I currently use packer.io to script the creation of a bunch of server images, and for ubuntu I've missed the "minimal install CD" that other distros have. Instead packer has to download a 800MB CD image, in order to install only a few hundred megabytes of uncompressed packages in a bare-bones install, which is then provisioned using some orchestration tool that at its heart uses ssh to login to the virtual machine.

Not having SSH means you need to add in some sort of serial-attach step to manually install sshd, or hook into the install scripts to download sshd as part of the install or whatever. Either way that's additional custom work that is probably common to a great many use cases.

5 comments

So why not build your own version with a SSH daemon if you really need it? I don't think most people need the SSH daemon in their container image.

Your Dockerfile could be something like this:

  FROM ubuntu:bionic
  RUN sudo apt-get install openssh-server -y && sudo service ssh restart

These are definitely not the complete steps for setting up SSHd but you get the idea.
This is meant as a base image for containers.

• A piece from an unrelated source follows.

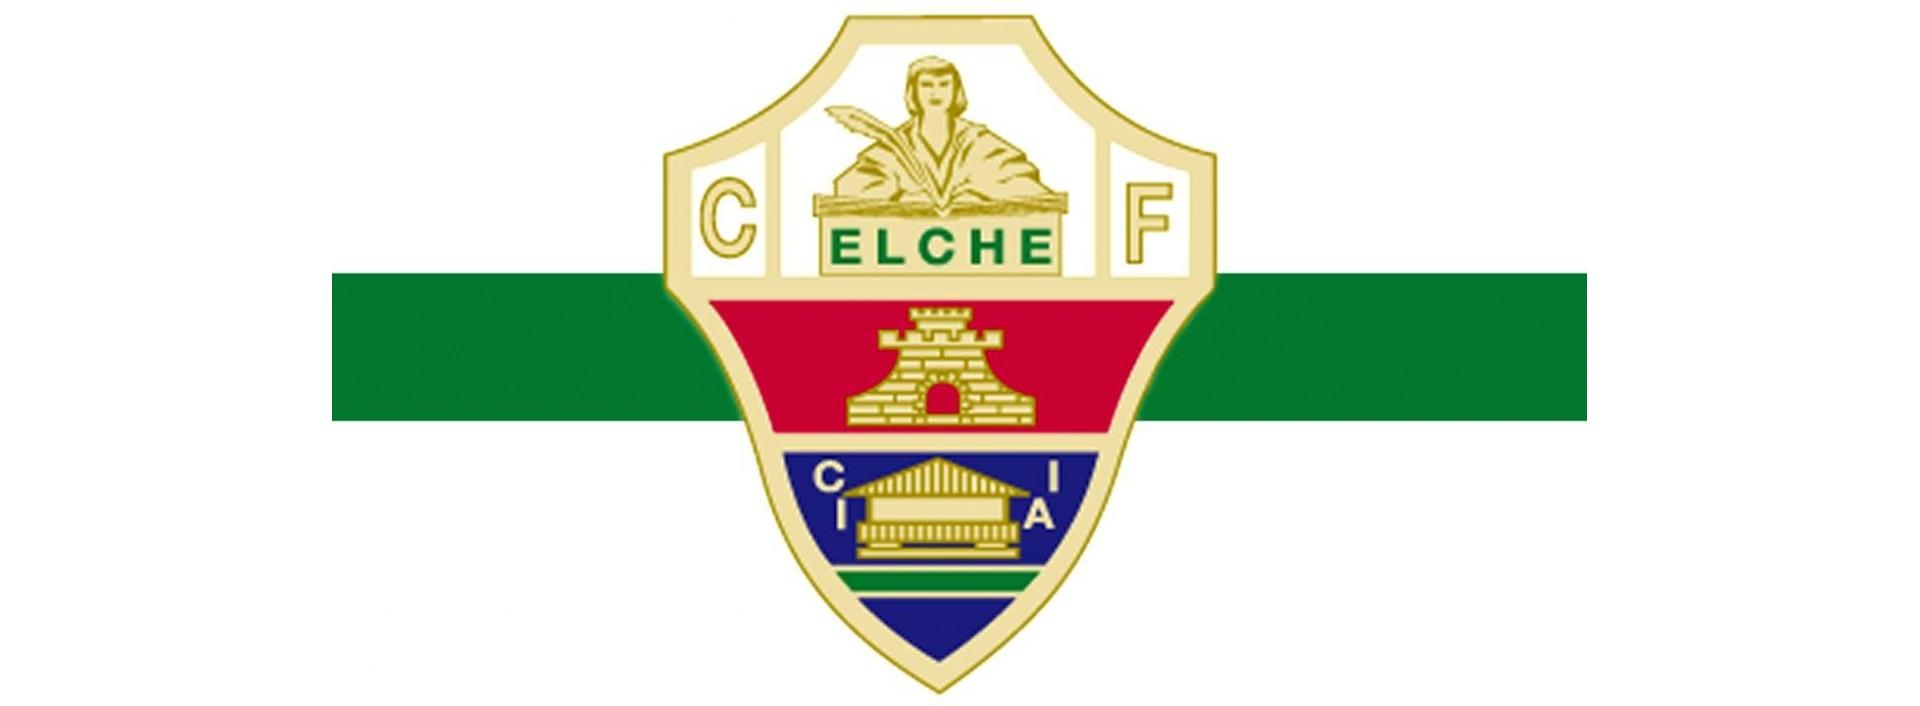 ELCHE C.F.

There's not even a kernel or init
Just do a netboot with a preseed file (have your own local cache - either with apt-cacher or something more independent)

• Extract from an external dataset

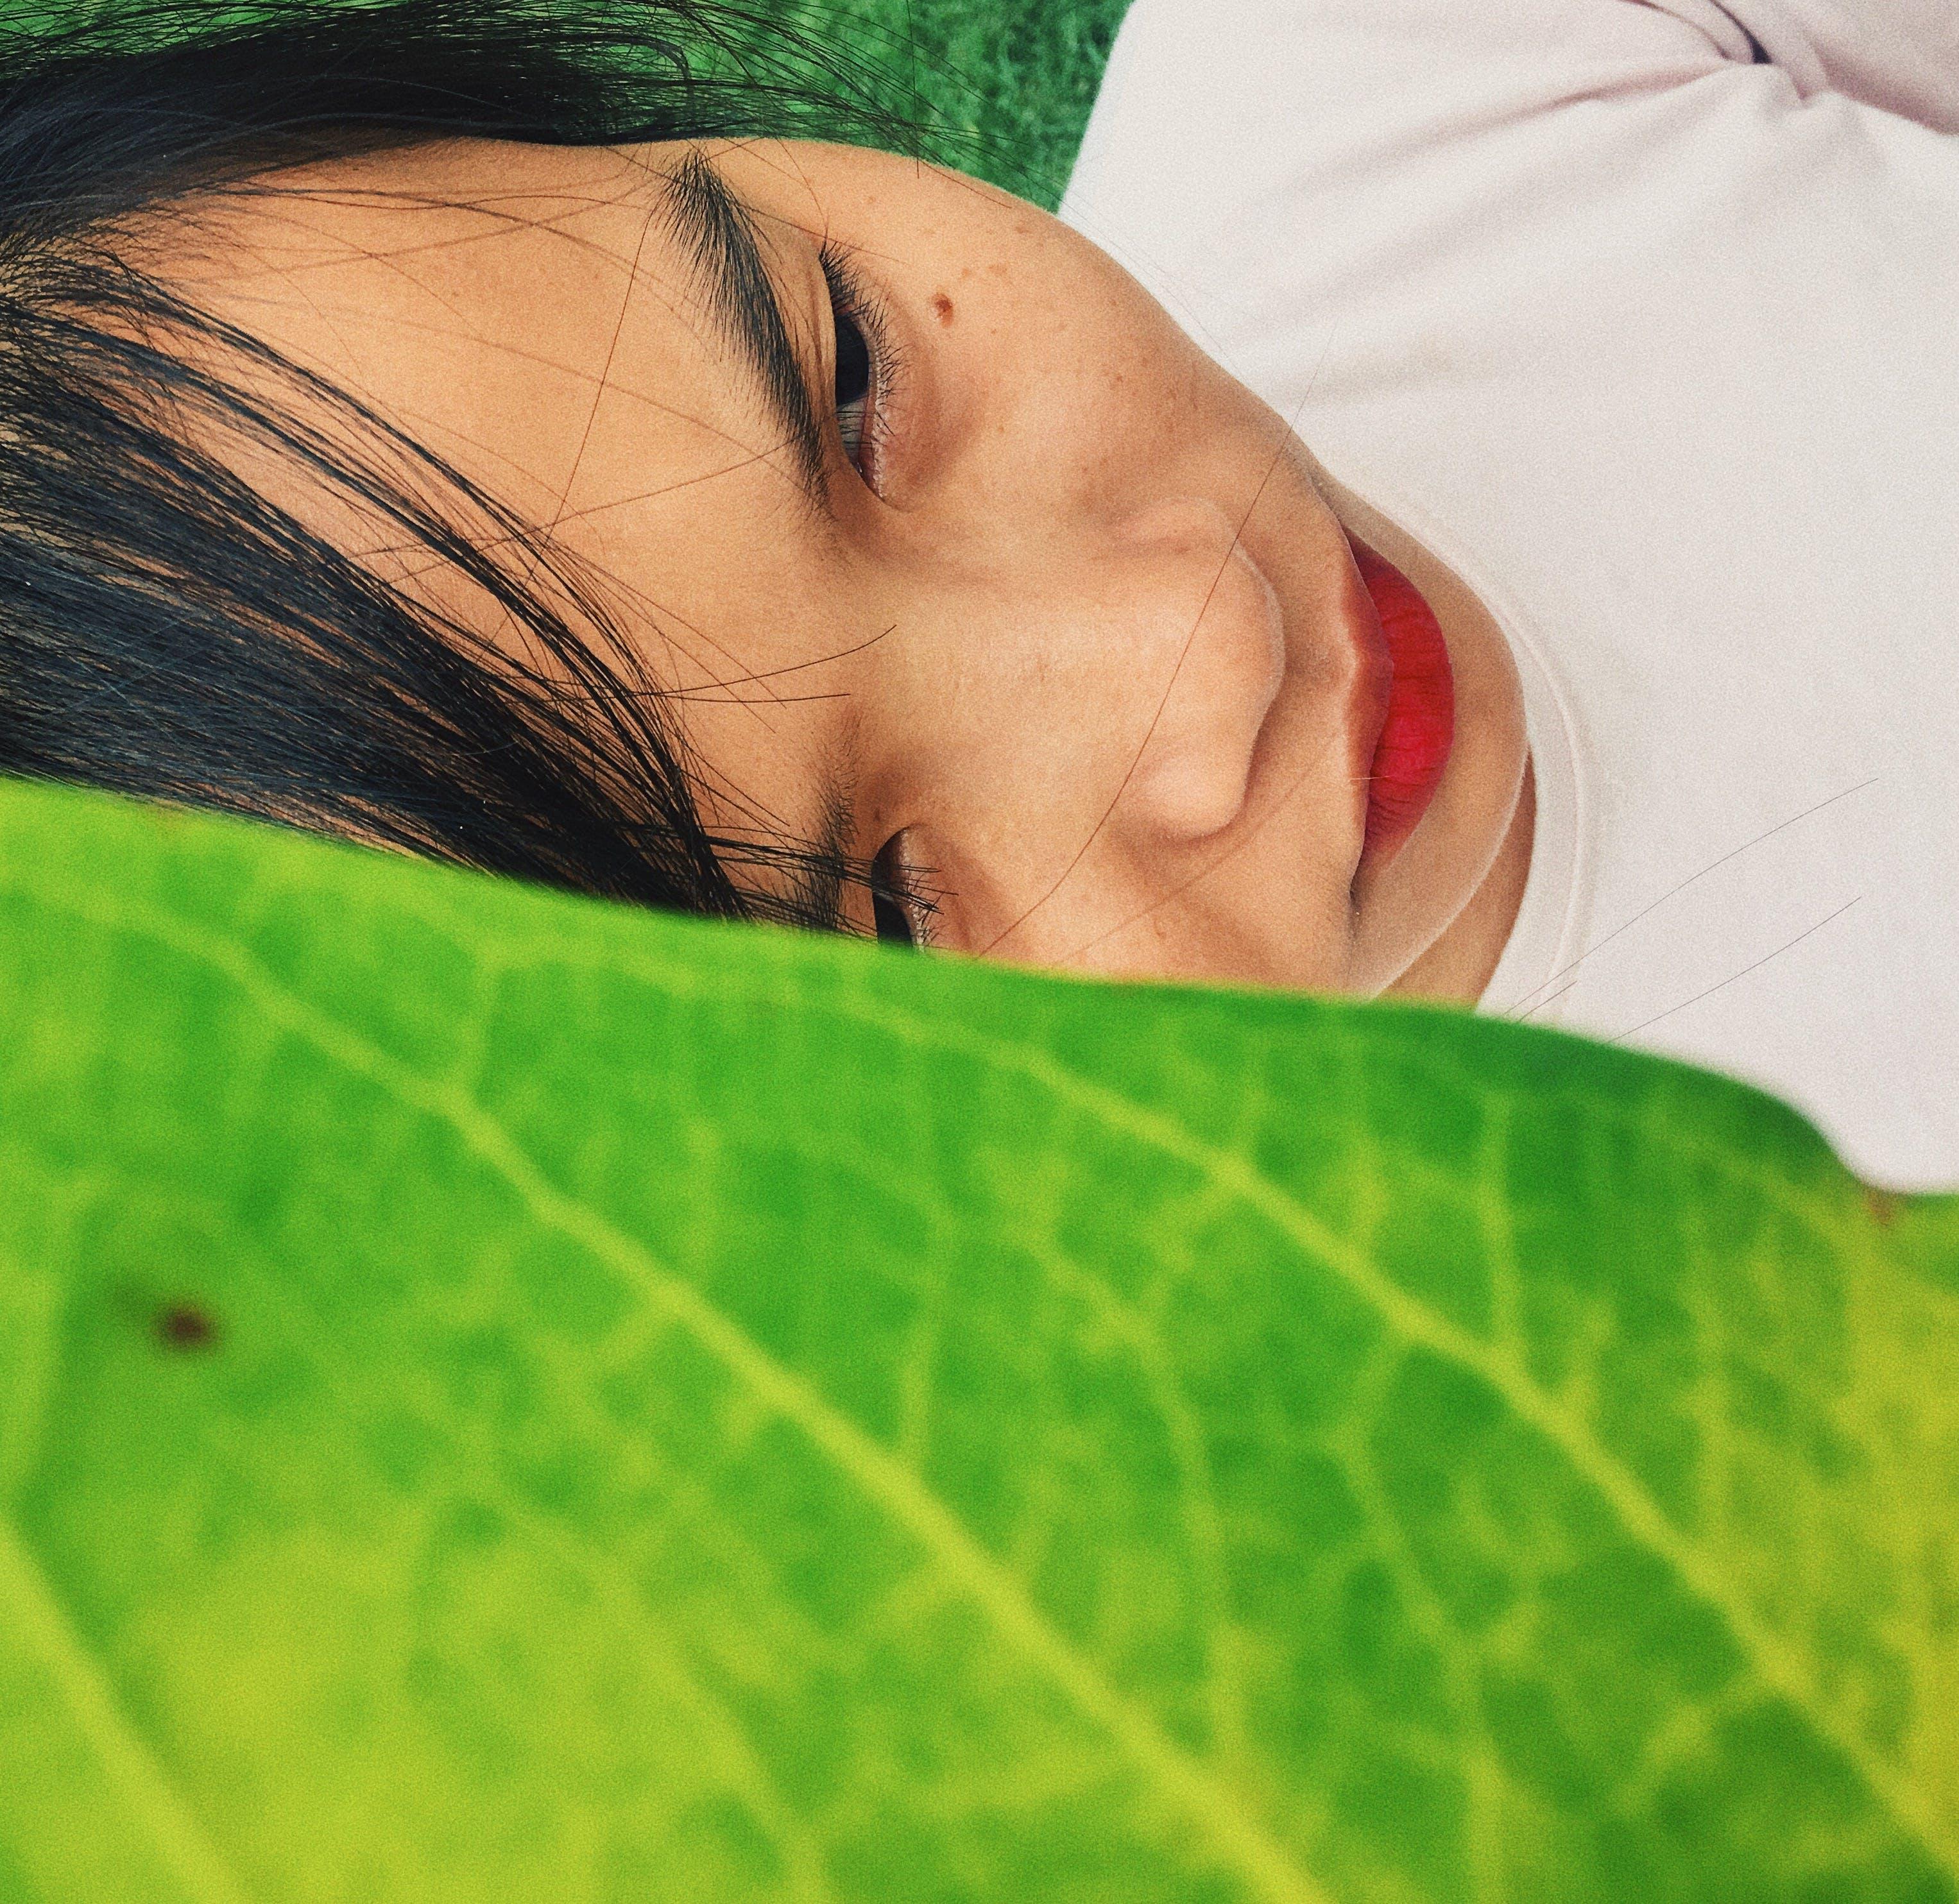 Person Behind Green Leaf

Our server preseed has the following line

d-i pkgsel/include string openssh-server build-essential iperf htop screen sysstat vim-nox

And a couple of internal packages which have their own dependencies (including lldp, snmpd etc) which do a variety of things including user management (active directory based), automatic registration into our asset database and monitoring systems

You're running these containers in an orchestrator, right? That should give you API access to the running container, allowing you to get shell. E.g. with kubernetes, `kubectl exec` will get you into the container.

But the sibling comment about using a Dockerfile to install/start sshd works if you're running these containers on a remote host without any kind of access to the running container.

LXD containers make fantastic replacements for VMs! Just try 'lxc launch ubuntu:'. Then 'lxc list'. And then you can either exec into, or ssh into your machine container!